Soekarno memang bukan institusi. Soekarno adalah pribadi penting di Republik Indonesia. Gereja Katolik secara hierarki adalah institusi. Gereja pun dalam pengertian paradigma baru adalah pribadi-pribadi. Maka Gereja yang Katolik pun bisa menjadi penting ketika sadar peran yang akan dimainkannya. Banawiratma, SJ (ed) dalan Hidup Menggereja Kontekstual (Kanisius, 2001), mengungkapkan bahwa Gereja mungkin hanya merupajan salah satu dari sekian banyak fasilitas yang ada dalam masyarakat, yang bisa dipakai untuk menolong diri. Ini sekaligus ujian yang harus dilaksanakan, seberapa efektif misalnya Komunitas Basis Gereja yang telah dirumuskan dalam SAGKI 2000 yang lalu.

Kemerdekaan

Indonesia telah merdeka 56 tahun yang lalu. Namun begitu, conditio sine qua non, tak ada yang kekal di dunia ini, kecuali perubahan itu sendiri. Perubahan itu mesti dibawa ke mana? Perubahan yang baik atau buruk? Jangan sekali-sekali melupakan sejarah, begitu ungkap Soekarno. Secara objektif, semua berharap yang baik, maka berjalanlah dengan baik. Kemerdekan ini anugerah sekaligus jerih payah leluhur kita. Namun, di balik kemerdekaan itu terbentang tantangan untuk untuk mengadakan perbaikan. Masih banyak lubang kemerdekaan yang berujung penjajahan, pemasungan dan lain sebagainya.
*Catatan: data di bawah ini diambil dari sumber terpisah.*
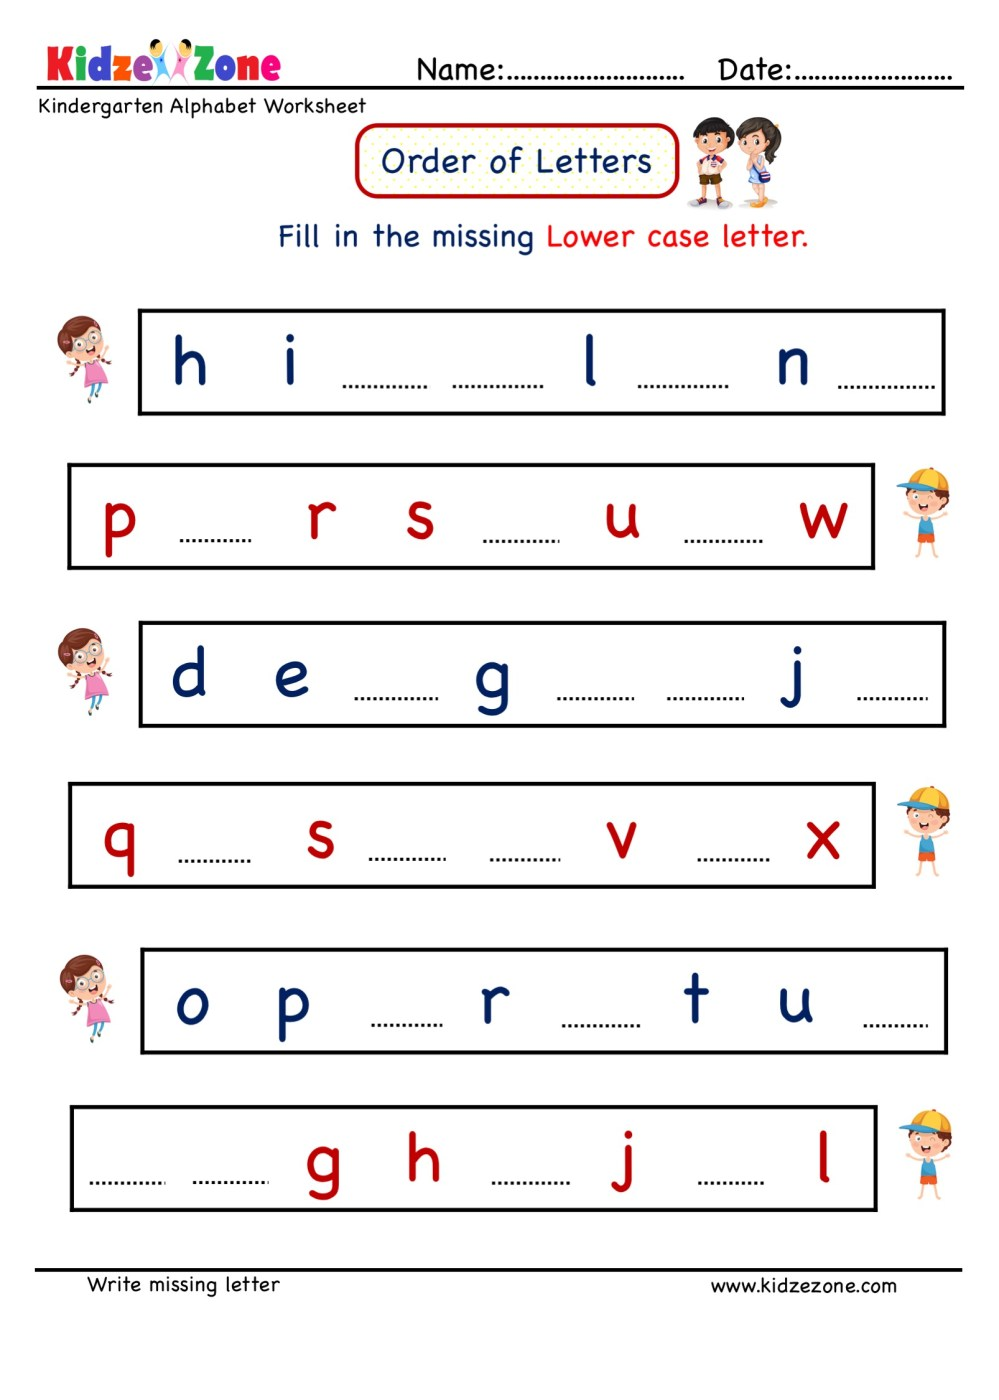 medium resolution of Kindergarten Letter worksheets - Write Missing Letter

Gereja Katolik punya peluang besar untuk terlibat dalam rekonsiliasi, melalui pribadi, lembaga atau yayasan yang dimilikinya.

Kemerdekaan ini adalah cerminan dari diri, kelompok orang / masyarakat / organisasi dan negara sendiri. Banyak yang belum merdeka dari negara yang de jure merdeka ini. Institusi Gereja sendiri kadang jarang memerdekakan umatnya, begitu refleksi Romo YB Mangunwijaya Pr. Pastor nyeleneh yang pada masa orde baru memperjuangakan “pemerdekaan” bagi masyarakat. Pada awal mulanya pastor ini dianggap murahan, belakangan saja dianggap pejuang kemanusiaan oleh rekan-rekannya. Selamat merdeka!

Tabloid Jubileum Edisi 17. Tahun II Agustus 2001.